We’ve settled in well here in Minden—actually we’re in the
Carson Valley, just south of Carson City, although the address for our RV resort is Minden. The weather has been stellar, albeit
quite windy, especially in the afternoons. Daily temperatures have been in the
mid- to high 80s, with bright blue skies and few clouds. Wish the trees in the park were
a bit larger to offer more shade, but we’ll take what we can get.
We didn’t do much Monday the 16th—just lazed
around the camper, spending the day relaxing. (Of course, Monday’s the day I
write and publish the blog, so it’s good we don’t have much going those days.)
The evenings are quite cool here in the high desert, dipping
to the low 40s at night. Good for sleeping, though. And, with cloudless skies
we see an abundance of stars. Beautiful!
The black truck had service on Tuesday: oil/filter/lube,
transmission fluid/filter, fuel filter, tire rotation, and an all systems
check. She’s good to go for another 5,000 miles, Lord willing. For a 2002 vehicle,
she’s got only 52,774 miles on her; for a diesel dually, that’s pretty good.
That afternoon Hollee and Anastasia came over, bringing
dinner with them from T’s, a Mexican restaurant in Incline Village. It’s one of
their favorite bistros, and offers fare a bit different from the usual
South-of-the-Border items. Good stuff! While we were eating, we had the only
real rain we’ve seen since before we left Texas on May 1. It was over within 10
minutes, but it was good to have even that little bit, as it’s so dry here.
Wednesday was our turn to drive over the mountain to Incline
Village. We stopped along the way at Sand Harbor for some photo ops.
Sand Harbor is located just 3 miles south of Incline
Village, along the eastern shore of Lake Tahoe. This Nevada State Park offers
55 acres of sandy beaches, rocky coves, shady forested areas, and not the
least, panoramic lake views.
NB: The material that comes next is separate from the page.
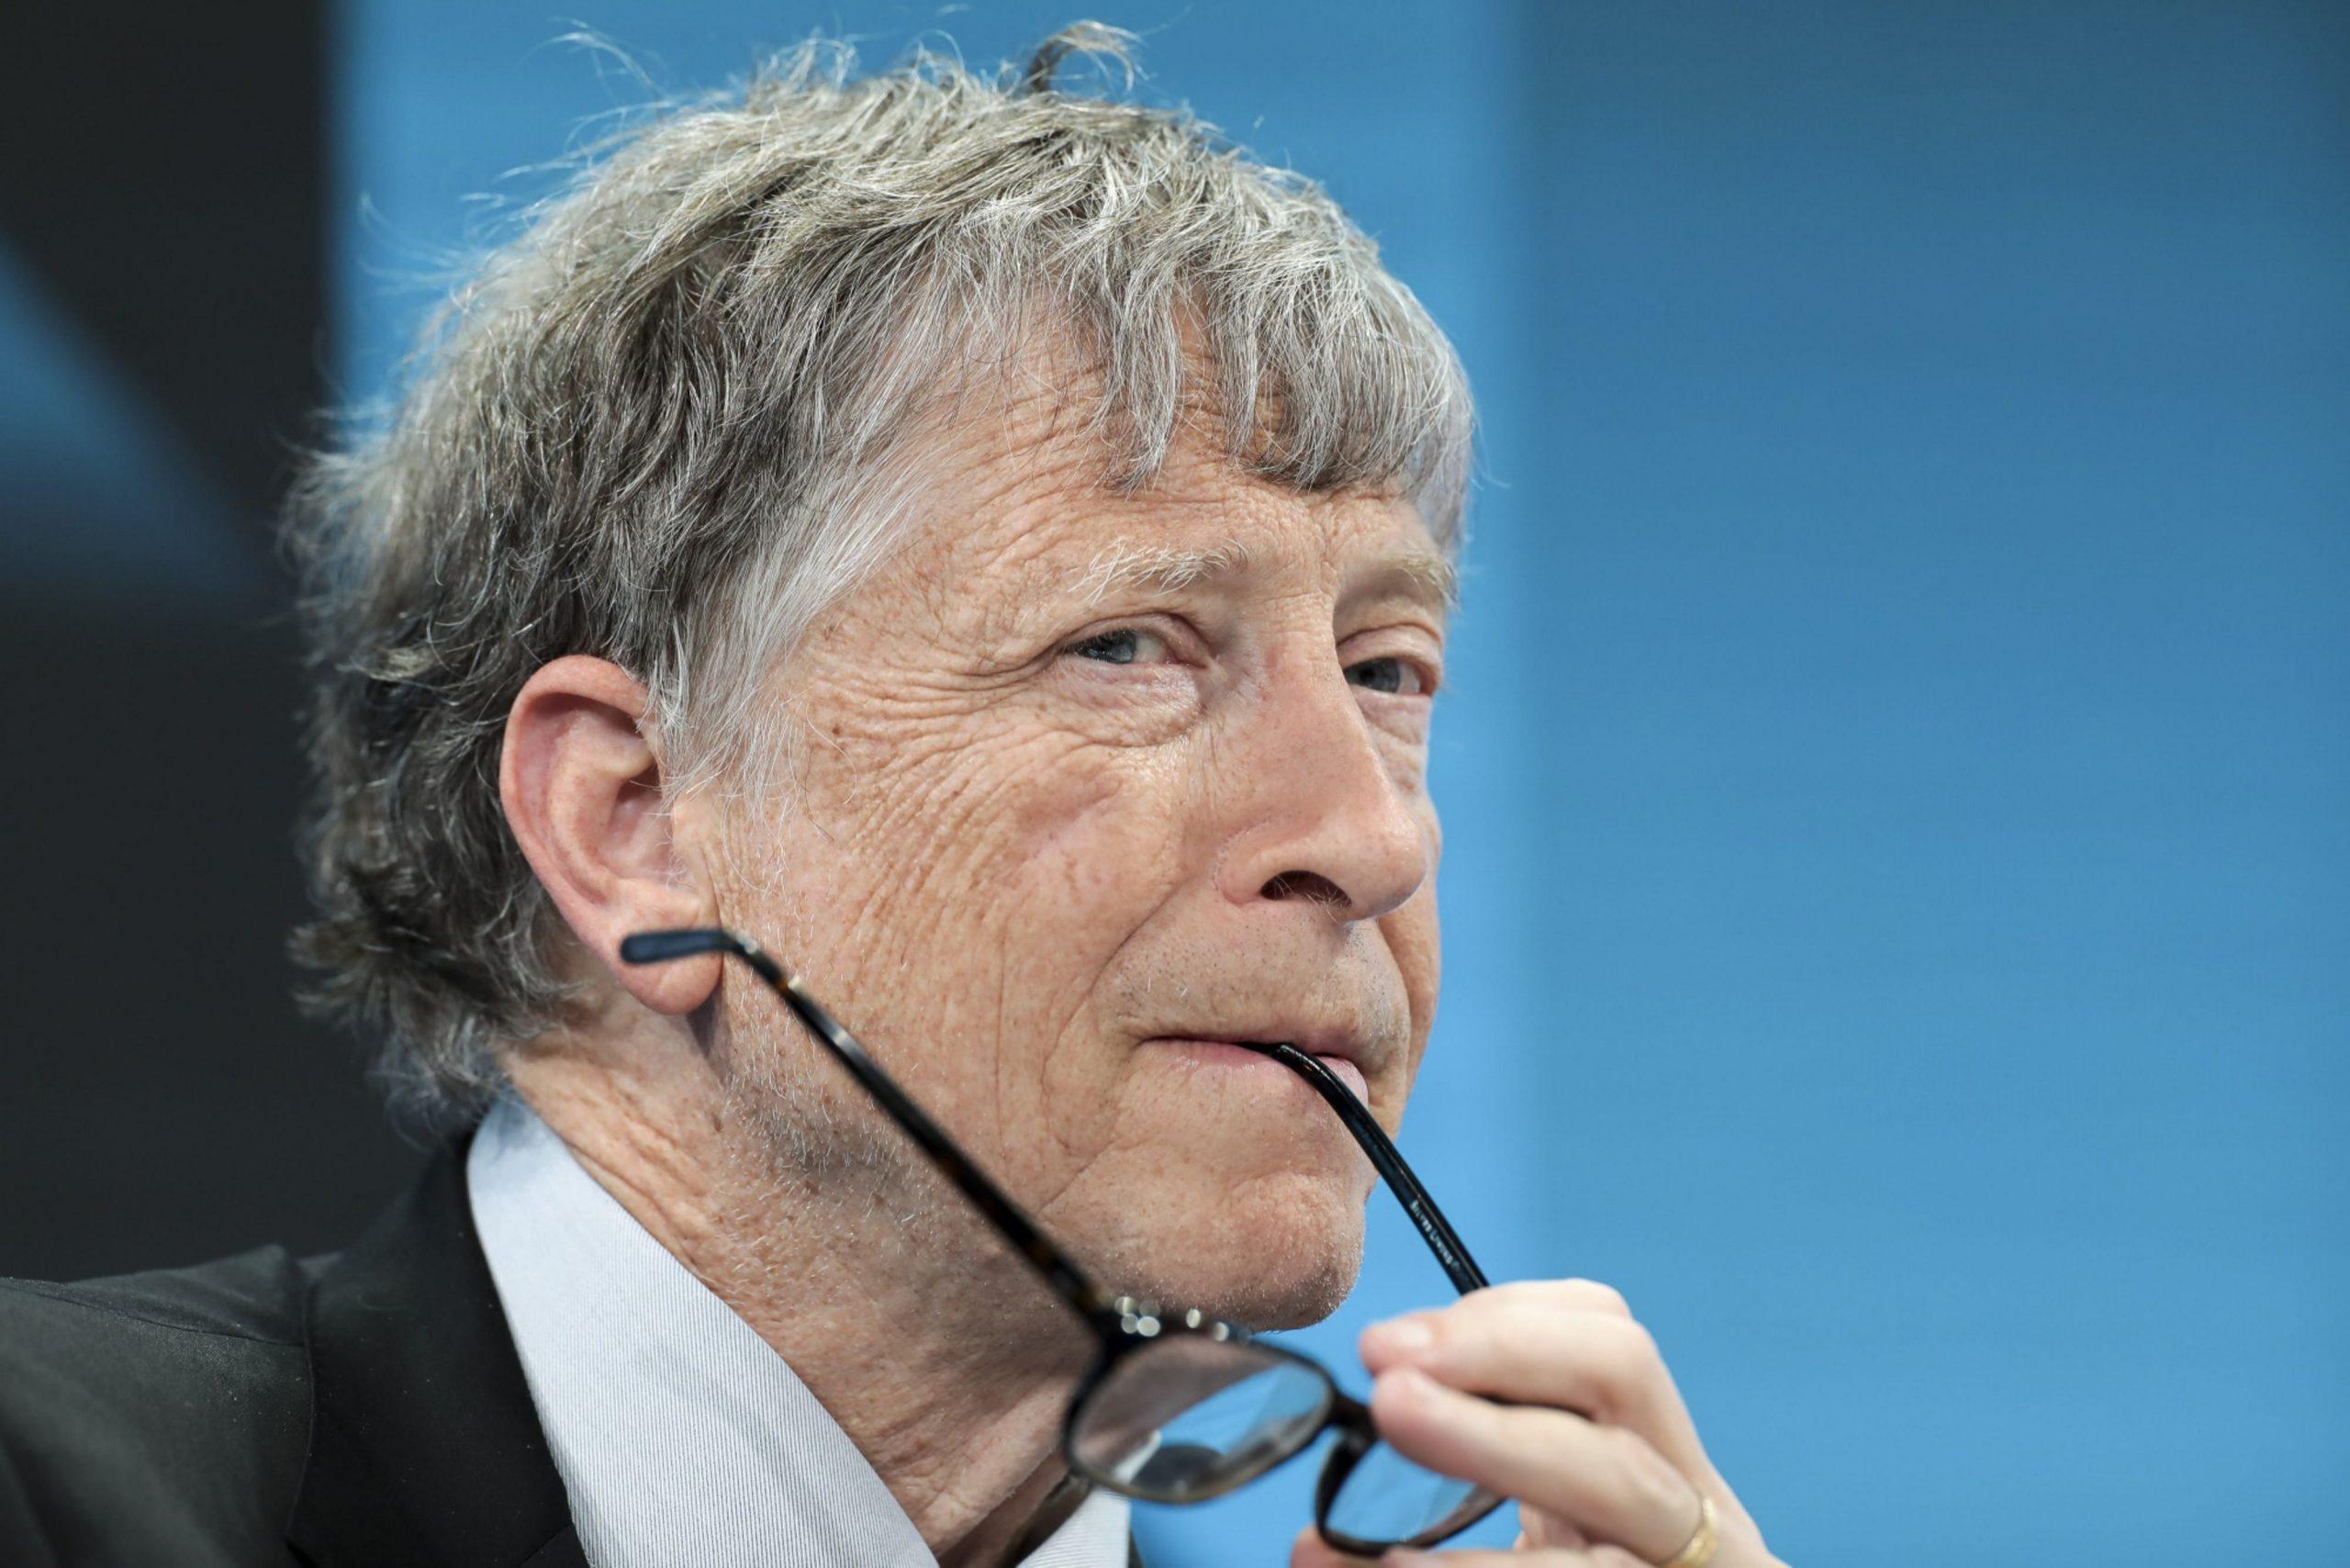 Bloomberg: Bill Gates bị buộc phải rời Microsoft vì có quan hệ thân mật với 1 nhân viên nữ...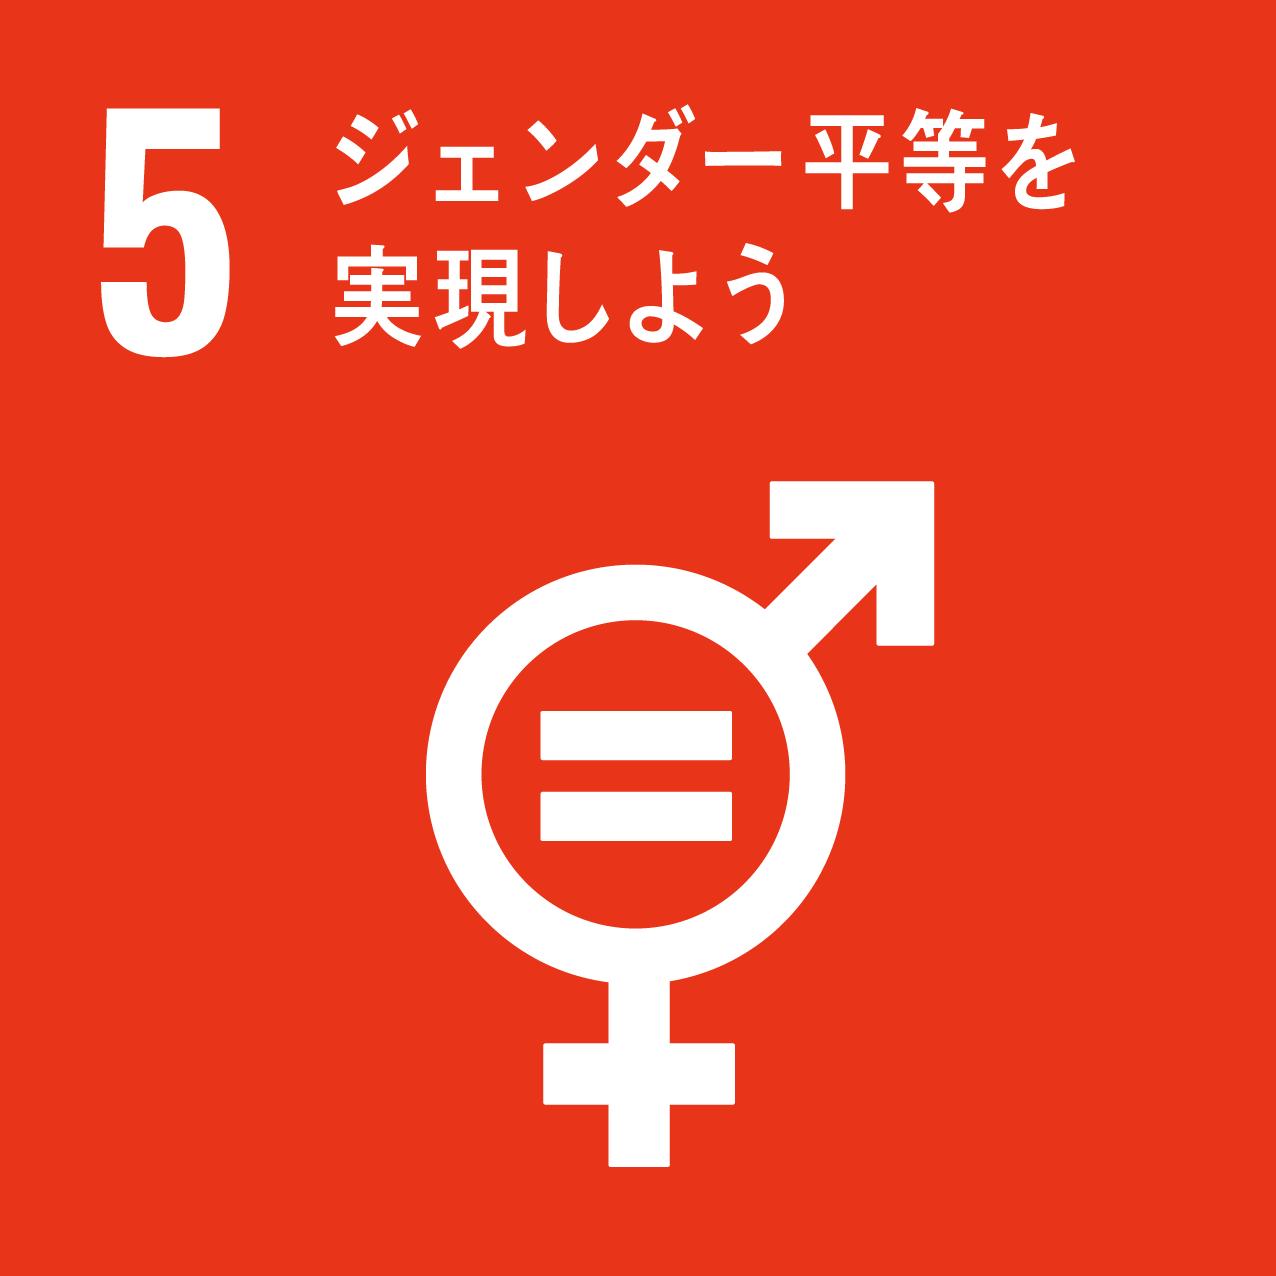 5,ジェンダー平等を実現しよう

The park’s visitor center and gift shop were open,
offering informative displays with self-guided tours, as well as regional
touristy information. Adjacent to the visitor center is a concession stand
offering snacks and drinks to enjoy on its large and shady deck.
Although the air temperature wasn’t quite reaching 70
degrees, folks were swarming the beach to enjoy the sun, sand and surf. I’m
quite sure the water wasn’t quite warm enough for swimming, but that didn’t
deter the folks from getting in and getting wet!
For the cultured set, during July and August, the Lake Tahoe
Shakespeare Festival offers the Bard’s best plays set against the beautiful and
awe-inspiring backdrop of Lake Tahoe. Cool, eh?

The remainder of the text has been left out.